**WHAT THE TASK ASKS:**
The lines to return run from the one containing "Karmine Corp Orange" through the end of the material; give them exactly and leave out the pictures.

**RECORDED INFORMATION:**
/---

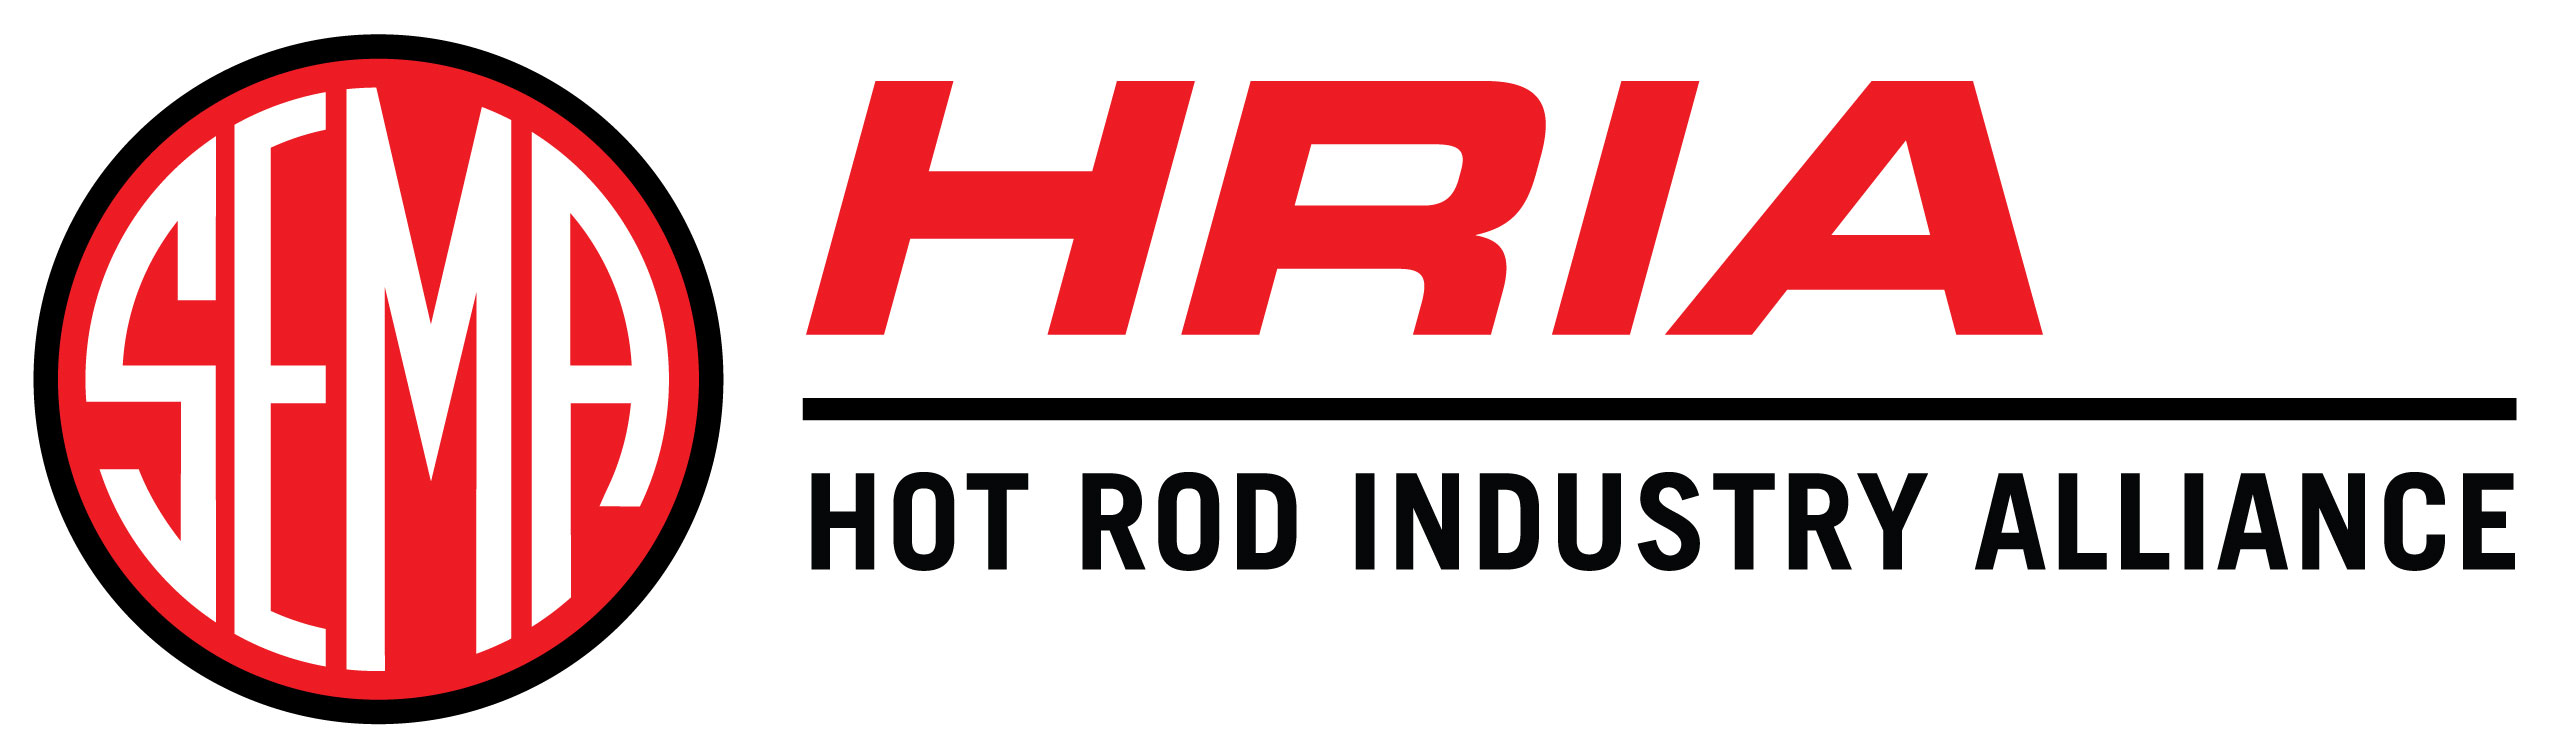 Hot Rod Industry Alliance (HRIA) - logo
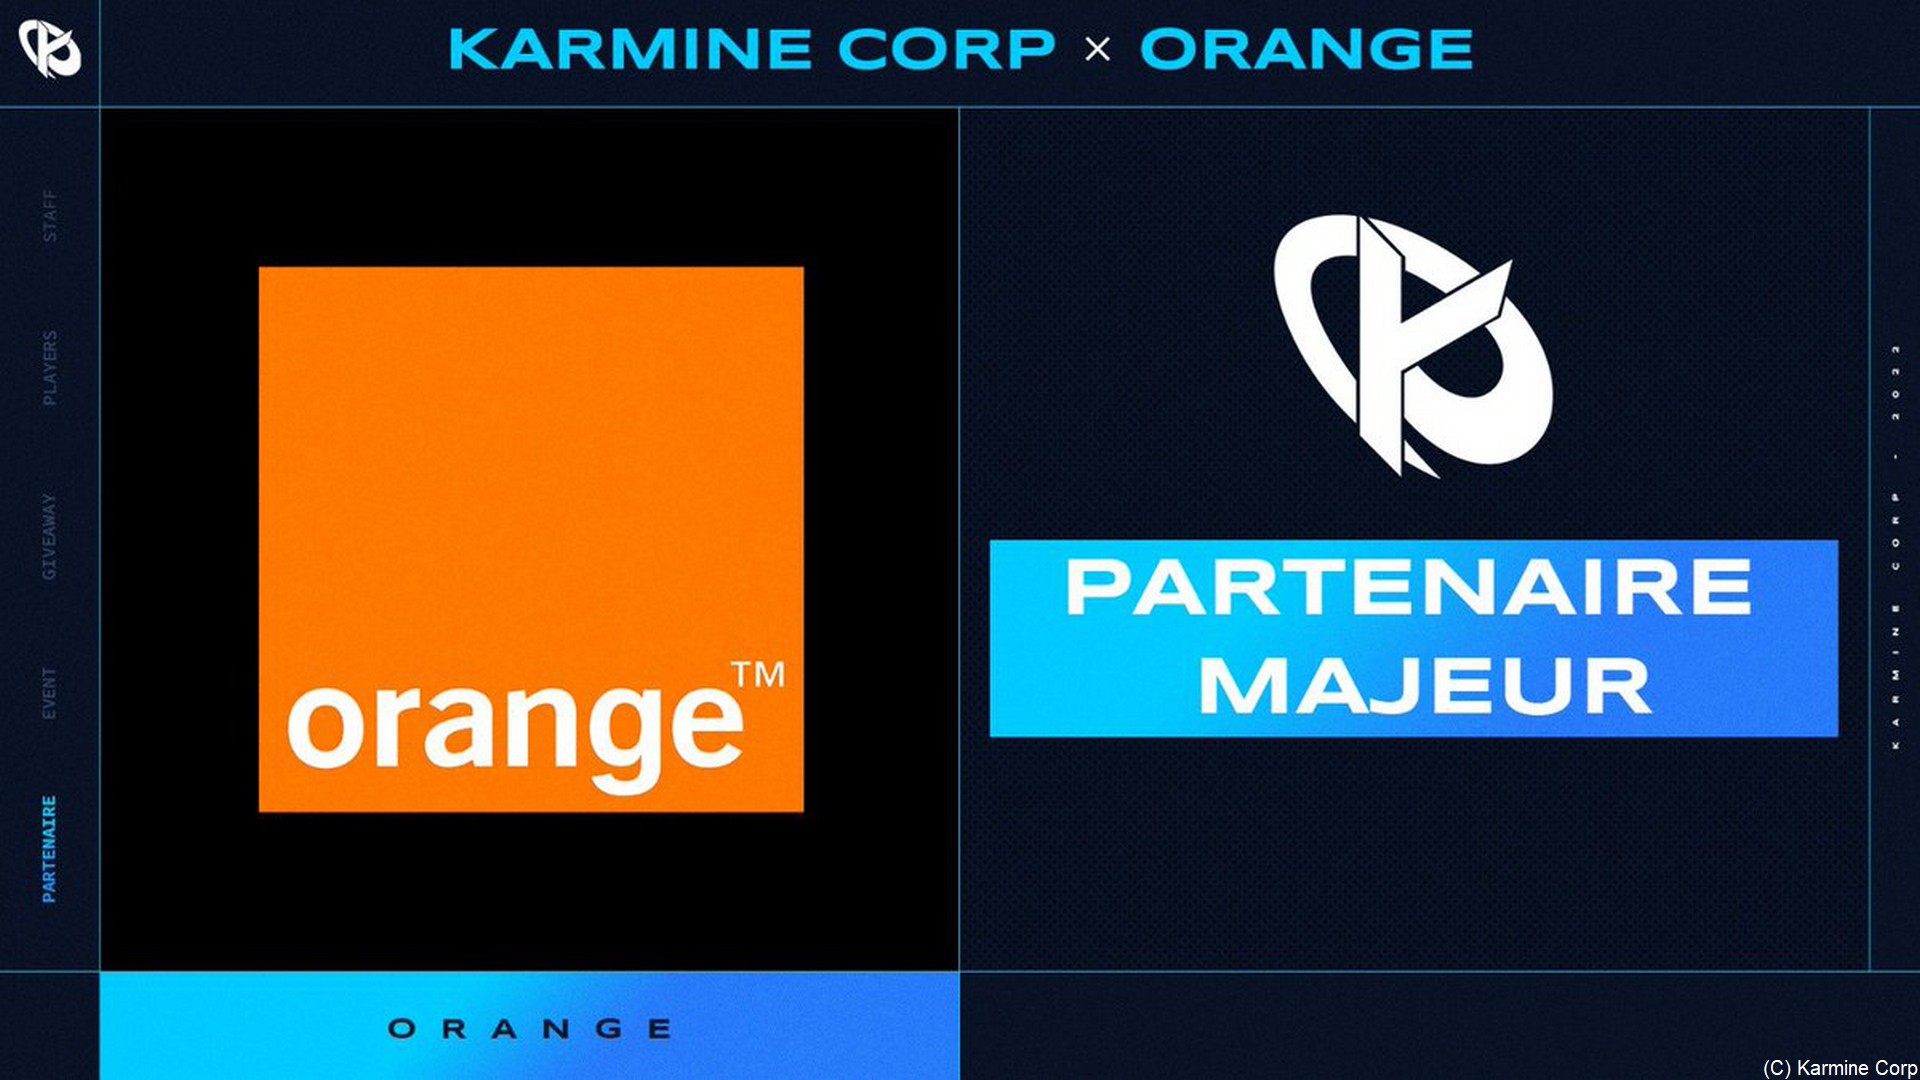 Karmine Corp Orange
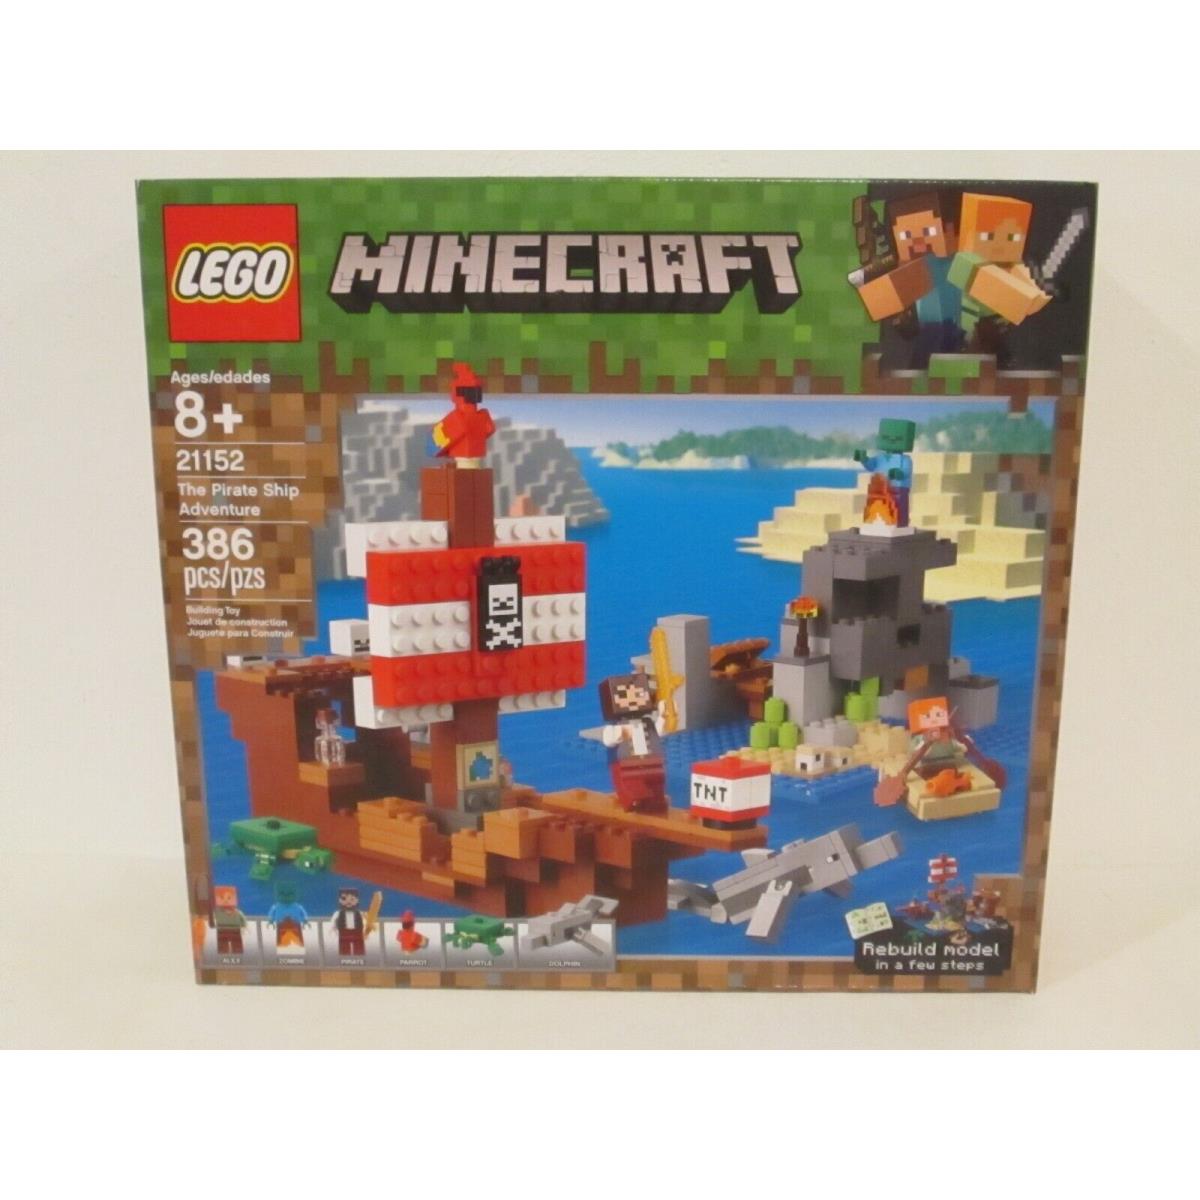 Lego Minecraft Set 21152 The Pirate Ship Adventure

\---

**REPLY:**
 Karmine Corp Orange
 Lego Minecraft Set 21152 The Pirate Ship Adventure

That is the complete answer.